SENIOR HEALTHCARE ATTORNEY
My biggest takeaways were related to the conference’s antitrust track. Essentially, between the FTC’s new “holistic approach” to merger review and the increased scrutiny on affiliations, we can expect more vigorous reviews on the federal level. When you layer that with new state laws requiring pre-transaction notifications, the shifts could have material impacts on the approach and timing of some transactions.
Given the pace of PE transactions in 2021, I was surprised to learn that unspent capital is still near record highs.
Prepare and prepare some more! Provider organizations considering a transaction would be well served to understand their organization’s operations, the market conditions, and the basics of the regulatory landscape. Deals are still moving very quickly whenever possible, and being well organized with good professional support can make a big difference.
Whether it is on the equity and funding side, or on the compliance side, healthcare transactions are under a tremendous spotlight from every level. Couple this scrutiny with a greater demand by sellers for creative upside capture (e.g., earnouts, aggressive liability limitations, representation and warranty insurance growth, etc.), and there is significant pressure on what the market will support in transactions.
Healthcare transactions are always under scrutiny, so many practitioners see it as simply part of the practice. But hearing so many seasoned practitioners raise the flag on the new long-look landscape was eye-opening.
Transaction fundamentals matter more than ever. That means good governance behind an organized, clean transaction process being run by reputable counsel. Add in the antitrust scrutiny and greater examination of transitions, and I think we will see an uptick in deals that stall, fail or unwind – and that’s when the quality of the transaction will be examined in the public and courtroom.
The keynote speaker discussed the returns on investment for private equity investments in healthcare. One of the statistics mentioned was that almost half of the returns enjoyed by PE investors in healthcare in the last decade have come from the increased multiples. Meaning, the improvement in multiples provided as much of the return on investment as revenue increases and margin improvement combined. Can we expect multiples to continue to increase over time from current levels?
I heard an overall uncertainty, and some anxiety, regarding the level of anti-trust enforcement going forward.
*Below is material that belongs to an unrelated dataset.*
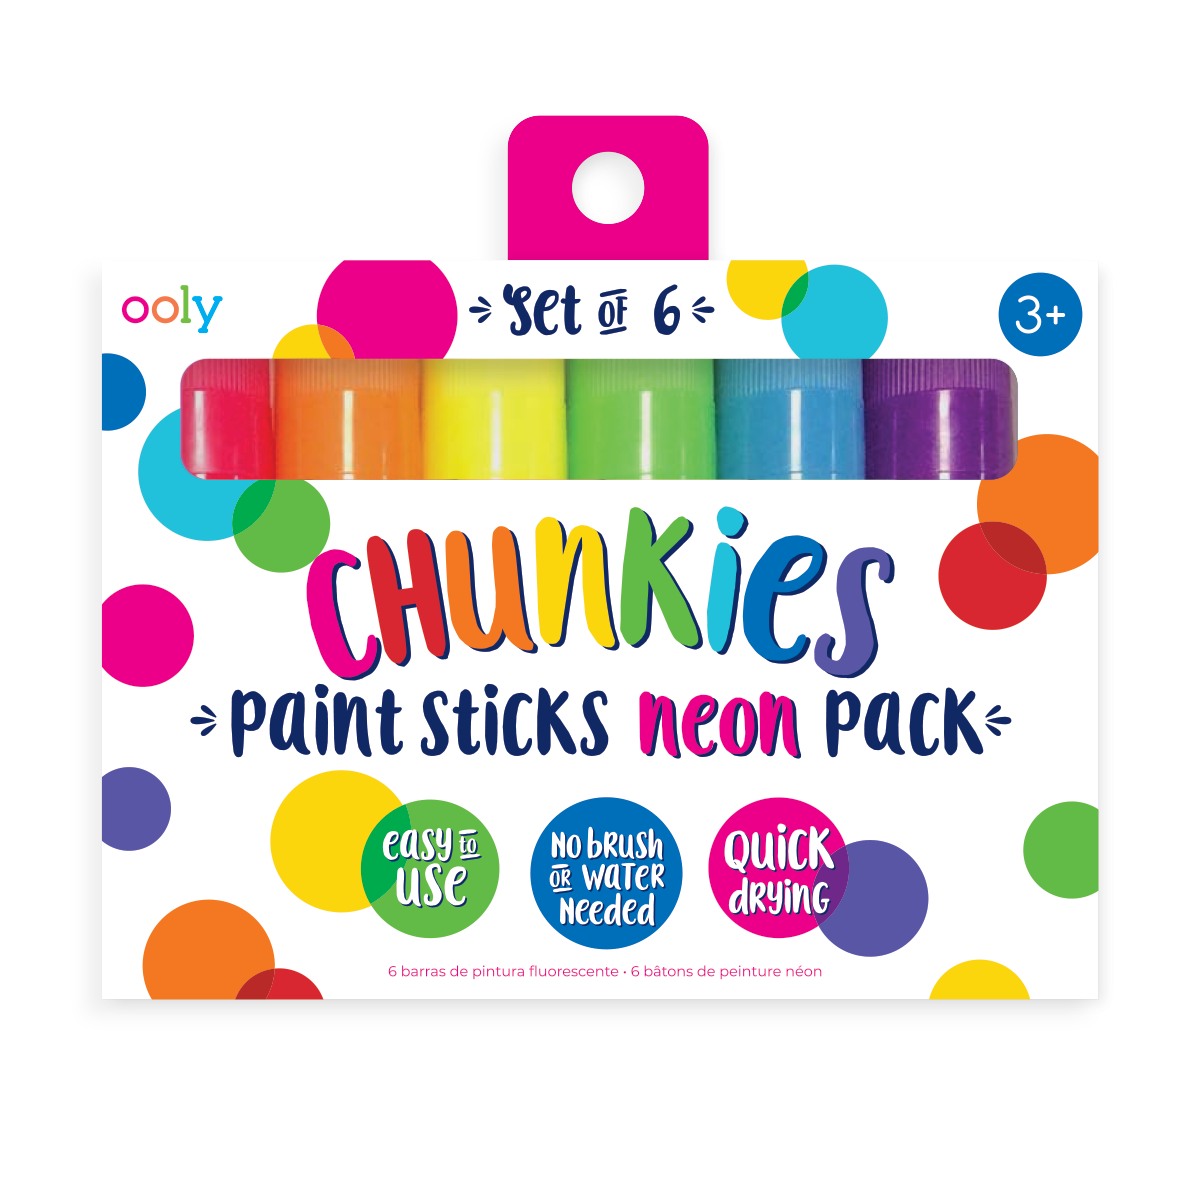 Chunkie Paint Sticks Variety Pack Set of 24

The administration has definitely communicated an increased focus on healthcare transactions, but the level of enforcement beyond acute care seems to be uncertain.
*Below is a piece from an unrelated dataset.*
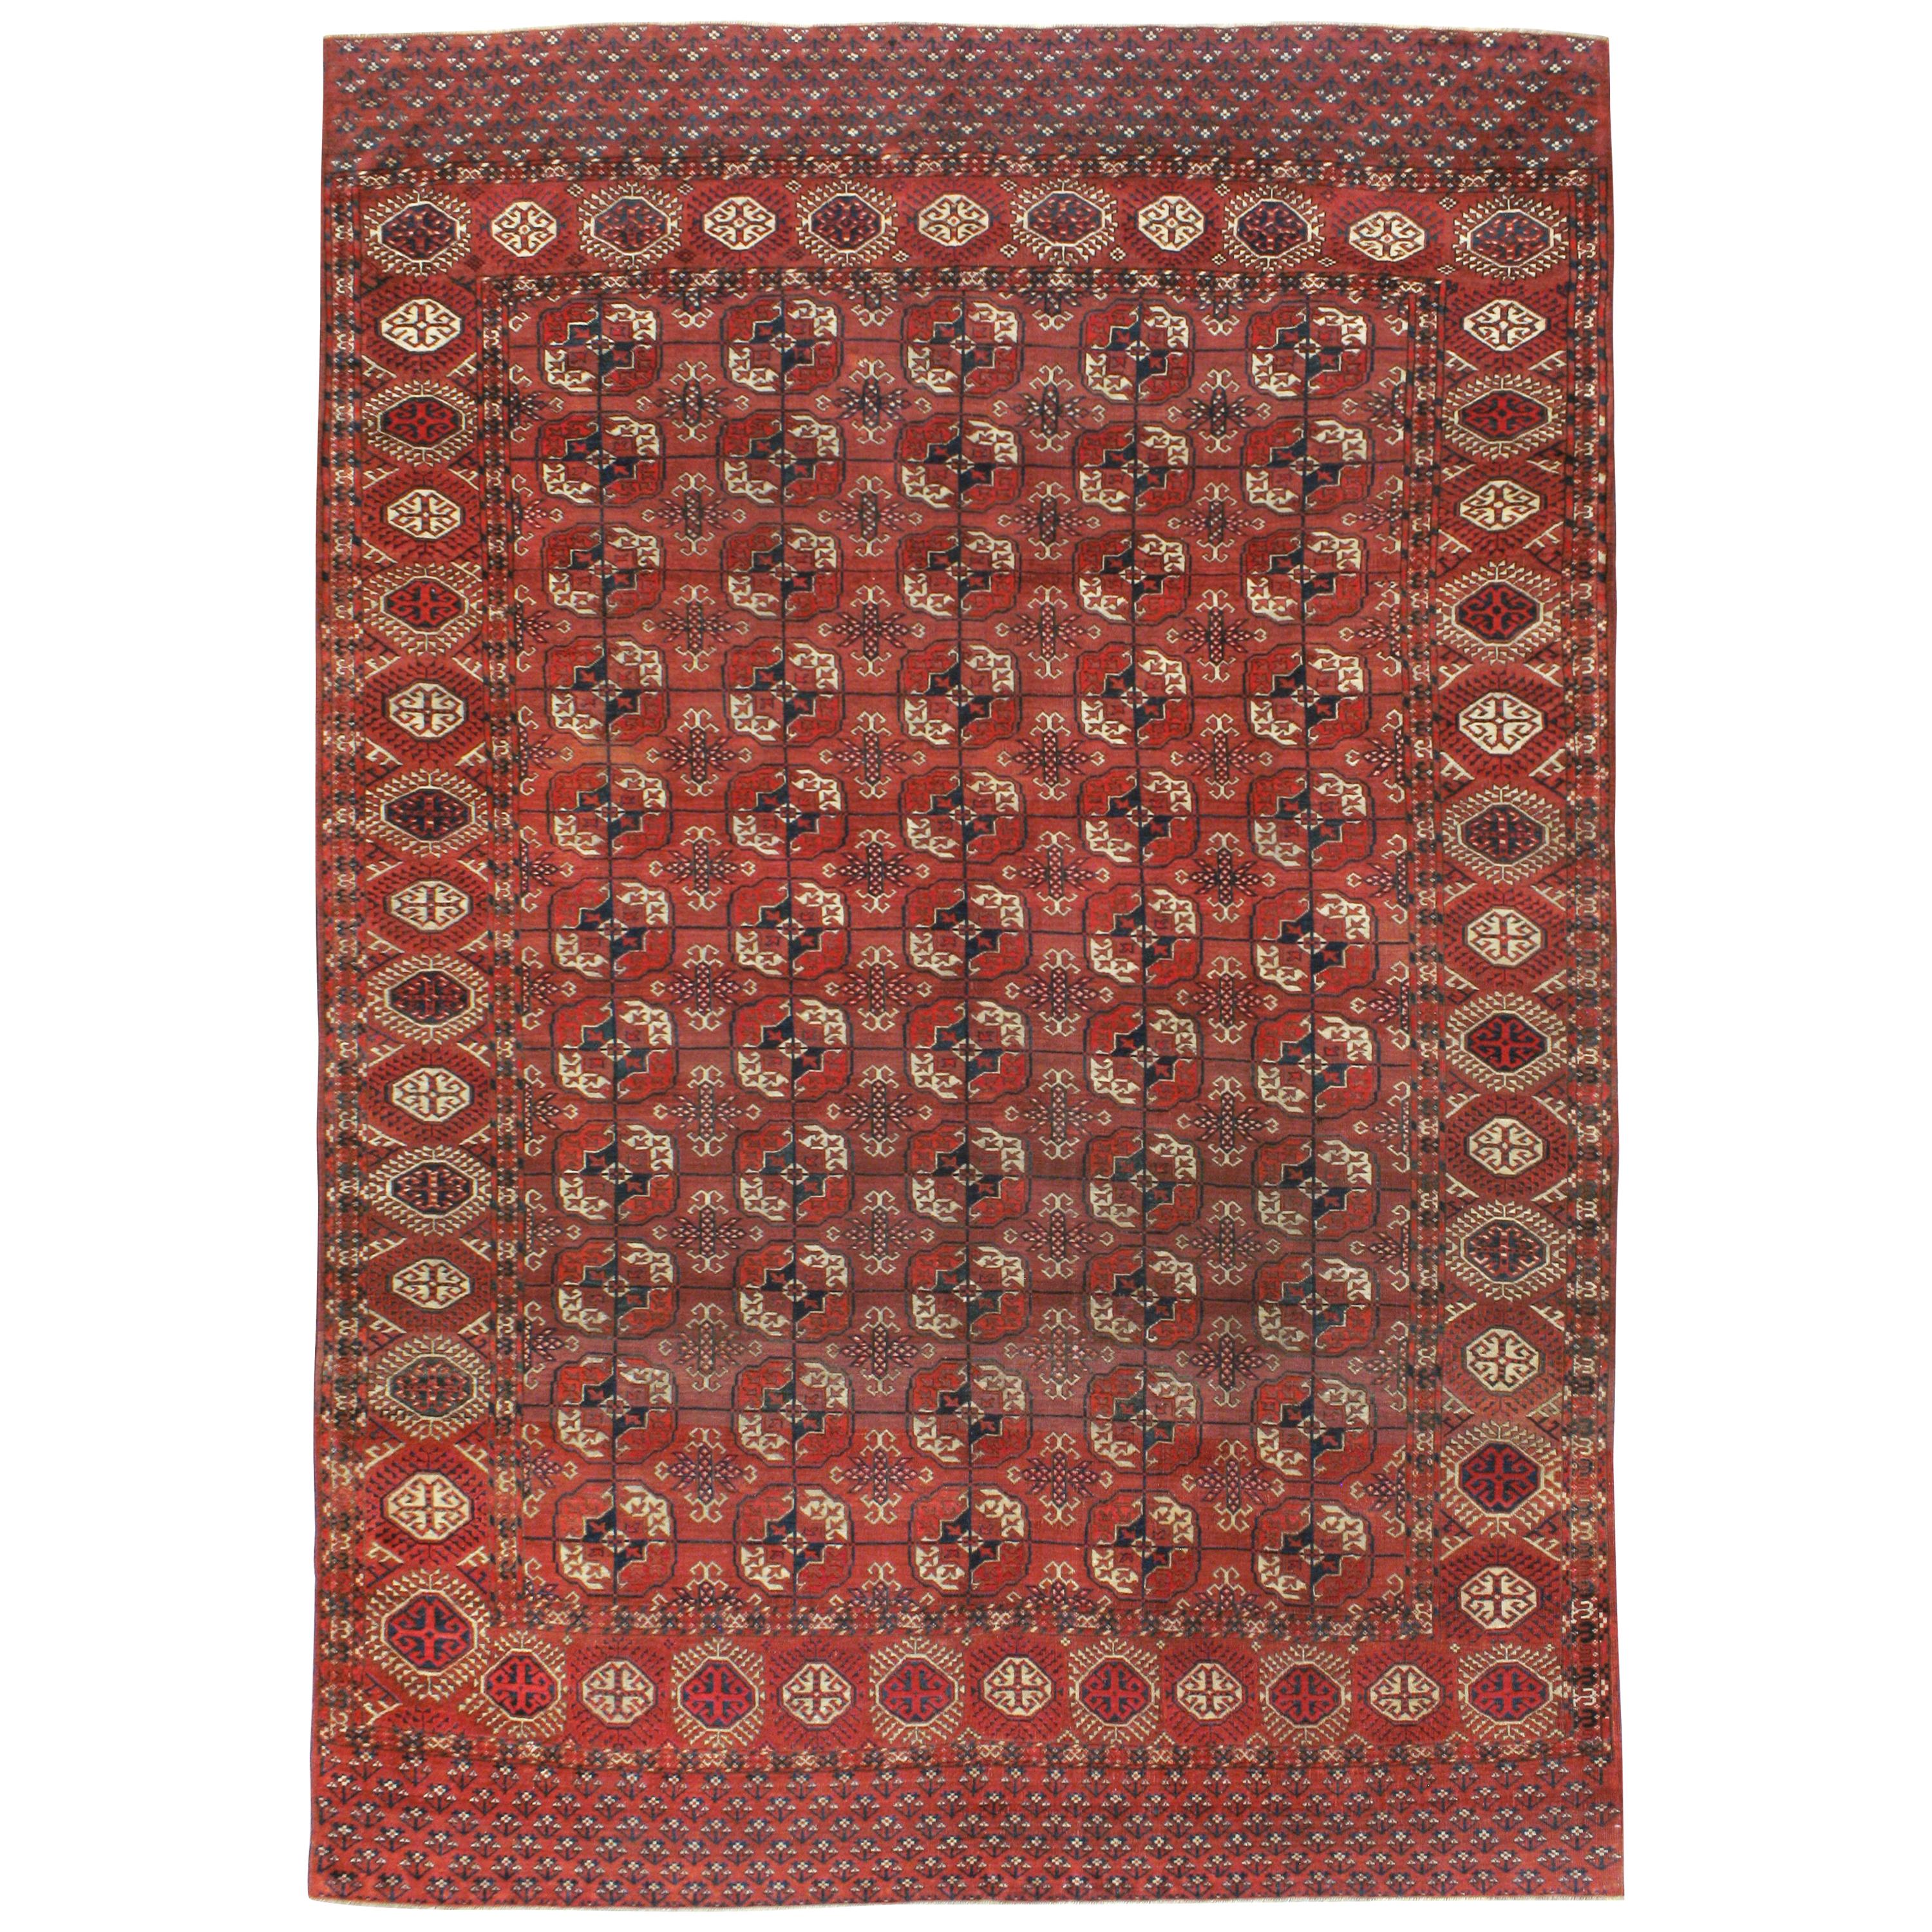 Antique Central Asian Tekke Carpet

Also, an interesting fact conveyed by the keynote speaker is that valuation creation in private equity-backed entities, historically, has been through revenue and multiple expansion, not margin expansion. That leads to the question if such growth is sustainable.
The biggest surprise to me is the prior noted comment regarding the lack of margin expansion in private equity-backed deals. This runs counter to the MSO model of creating efficiencies through scale to generate incremental value.
I think the tried and true approach of involving competent healthcare legal counsel early in the process to navigate regulatory and transactional landmines remains key, along with involving healthcare-specific financial and compliance advisors. Several stories were shared at the conference of bad outcomes when this isn’t followed.